Justine Bergère, directrice régionale adjointe de l’Urssaf en Pays de la Loire.
Justine Bergère, directrice régionale adjointe de l’Urssaf en Pays de la Loire. — Photo : Urssaf

Quel est l’impact de la crise sanitaire sur la santé des entreprises des Pays de la Loire ?

Depuis le début de la crise sanitaire, nous avons déployé des mesures exceptionnelles comme le report de paiement et, dans le même temps, nous avons continué à garantir le financement de la protection sociale, jouant ainsi un rôle d’amortisseur social. Nous avons comptabilisé près de 2,9 milliards d’euros de reports de cotisations entre avril 2020 et avril 2021. Nous avons récolté 97,3 % des montants, contre 96,2 % au niveau national. L’impact économique n’est pas neutre mais nous faisons partie des régions qui ont un peu moins souffert. On constate par ailleurs que la crise n’a pas freiné les créations d’entreprises dans la région.

Comment s’annoncent les prochaines semaines ? Faut-il craindre des défaillances d’entreprises ?

Aujourd’hui, le plan de sortie de crise du gouvernement cible les entreprises qui peuvent rencontrer des difficultés. Au sein de l'Urssaf, nous sommes sur une reprise progressive du recouvrement. Sans surprise, les secteurs les plus fragiles sont ceux qui accueillent du public, comme les cafés-hôtels-restaurants. Pour chaque entreprise, on propose un échéancier de paiement renégociable. Elle a la possibilité de renégocier ce plan dans la limite de 36 mois.
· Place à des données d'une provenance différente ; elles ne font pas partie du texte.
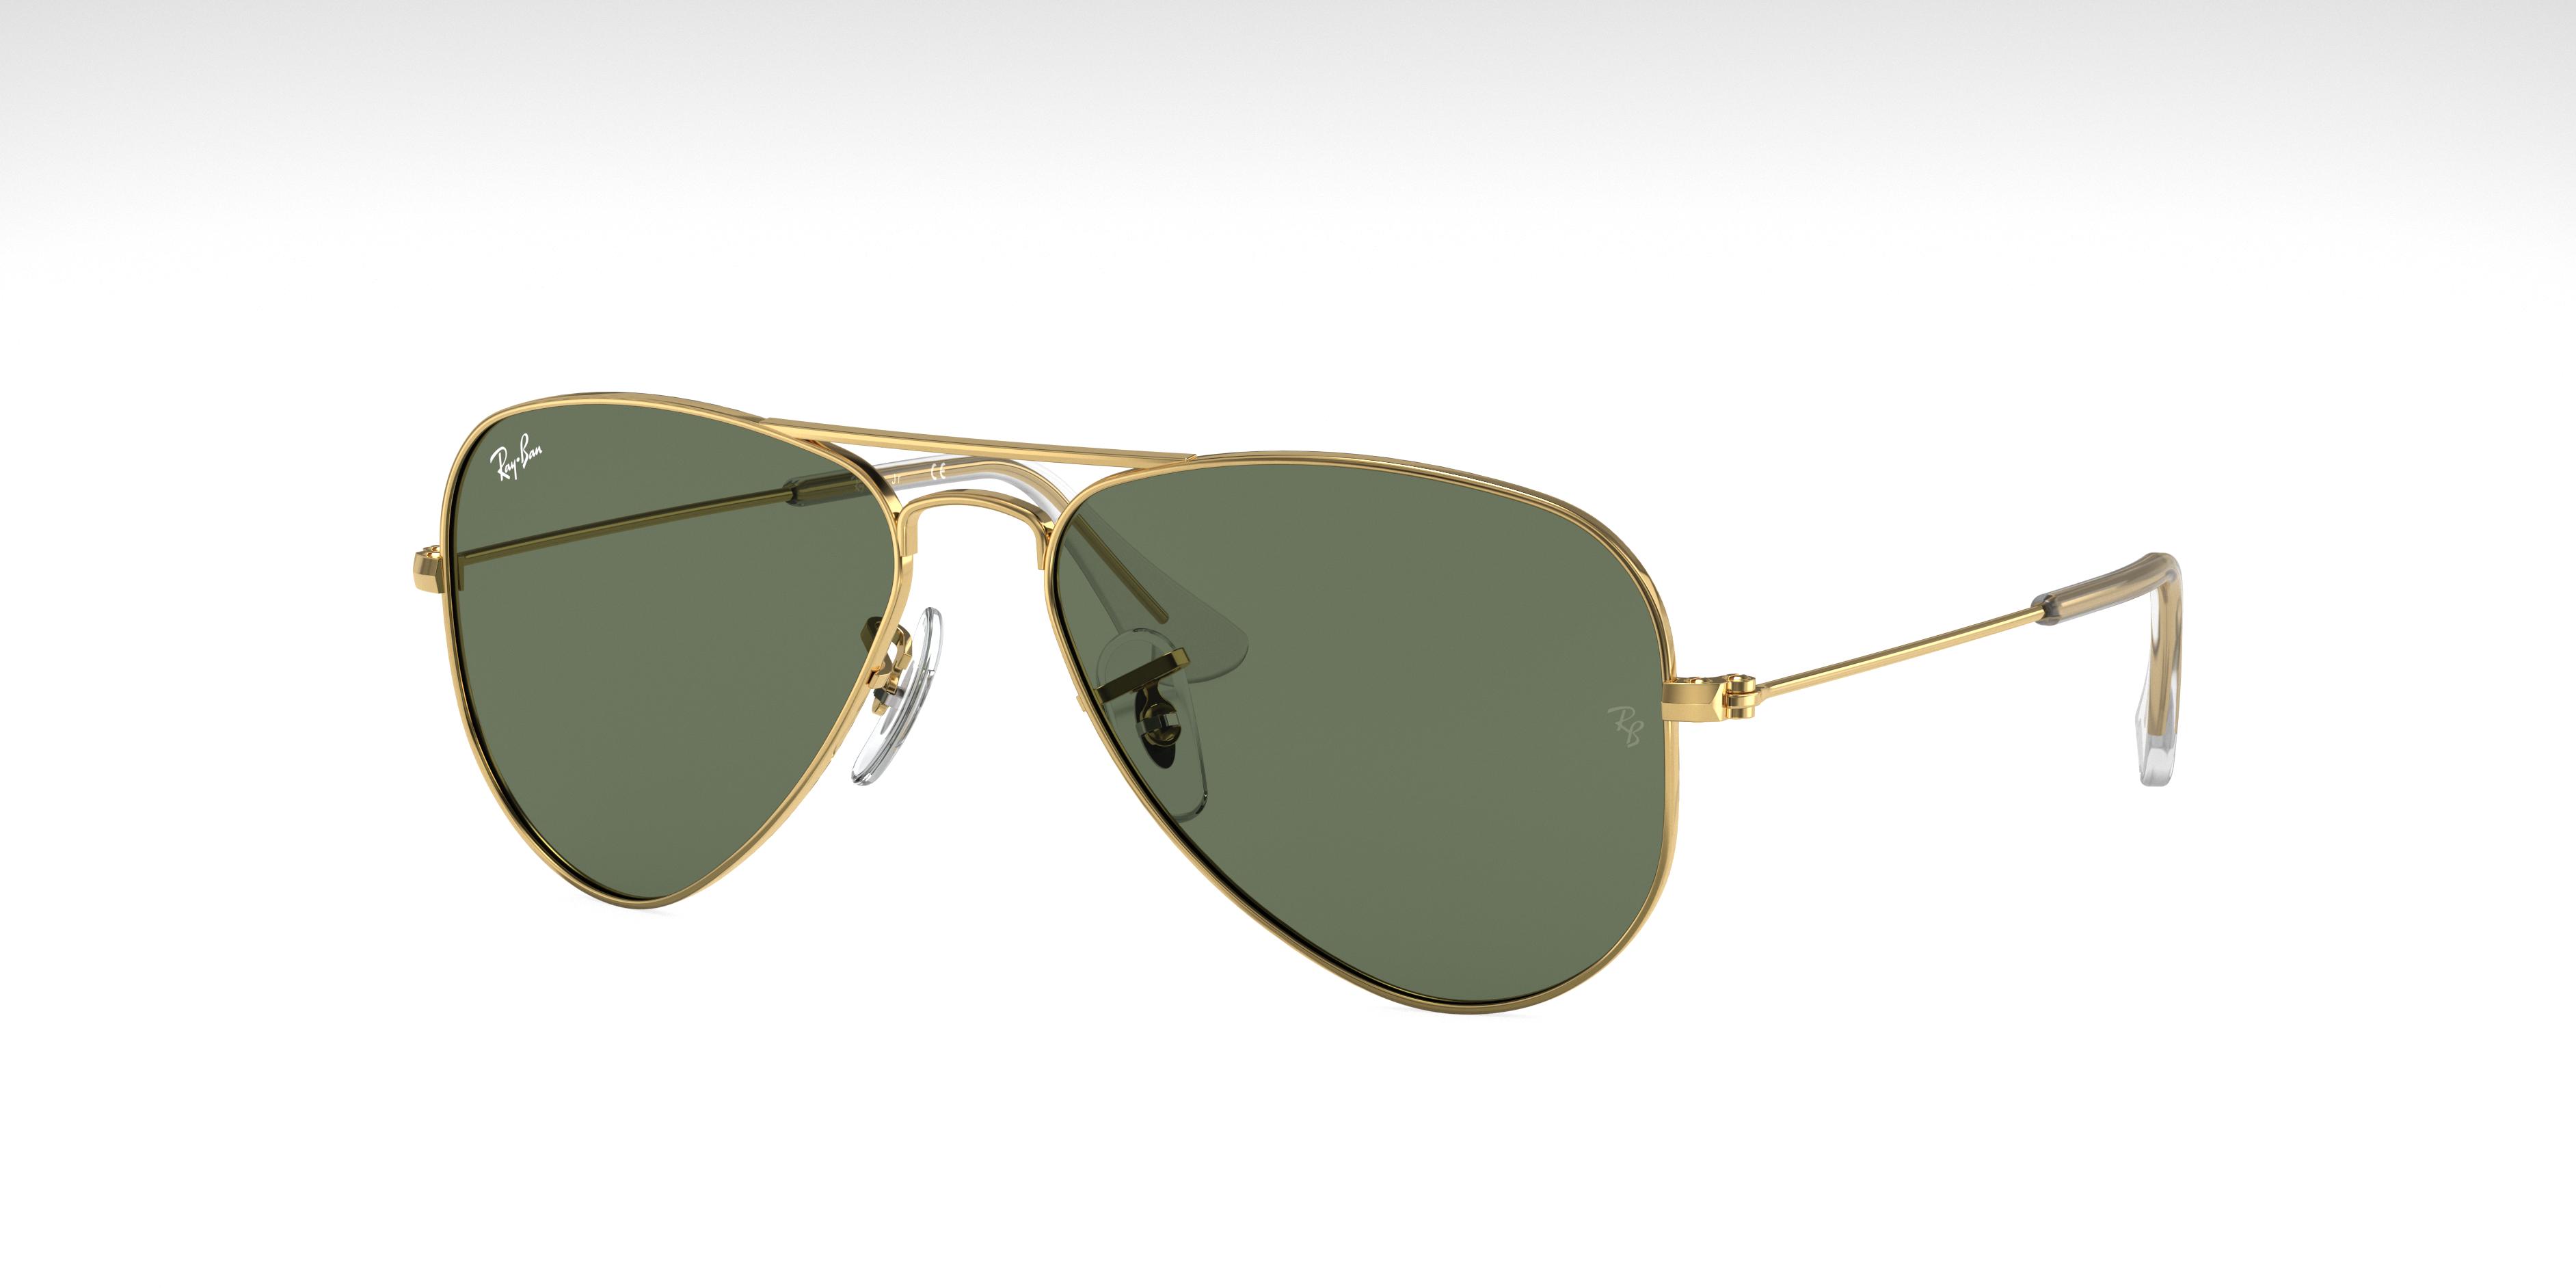 Ray-Ban Aviator Junior Gold, Green Lenses - RJ9506S

Vous travaillez au niveau local avec d’autres services du gouvernement pour préparer la sortie de crise. Comment fonctionne ce groupe de travail ?

Nous échangions déjà ensemble depuis un moment, étant signataire de la charte régionale pour la prévention des entreprises en difficulté signée par 44 organismes privés et publics. Avec la crise, la relation s’est intensifiée pour prévenir les difficultés des entreprises. Nous partageons nos données dans un tableau de bord qui nous permet, grâce à l’intelligence artificielle, de détecter les signaux faibles et prévenir les difficultés. Nous testons le dispositif en Pays de la Loire depuis 2017. Il est désormais utilisé au niveau national. Au niveau local, nous allons commencer en septembre les réunions des comités départementaux de sortie de crise. Ces réunions sont présidées par le Préfet, qui réunit les représentants locaux des partenaires du plan d’action. Il assure un rôle de suivi du dispositif de soutien apporté aux entreprises en phase de reprise ou en situation de fragilité.

Cette crise vous a-t-elle fait évoluer en interne ?

L’Urssaf compte 714 collaborateurs en Pays de la Loire. Nous avons, depuis le début de la crise sanitaire, développé des offres en ligne pour cibler aux mieux les besoins et les attentes. Nous n’avions jamais fait de webinars auparavant. Nous en avons finalement organisé 320 pour 11 000 participants. Nous allons continuer, en espérant que l’on pourra aussi bientôt se voir en présentiel. Cette crise nous a rapprochés de nos publics.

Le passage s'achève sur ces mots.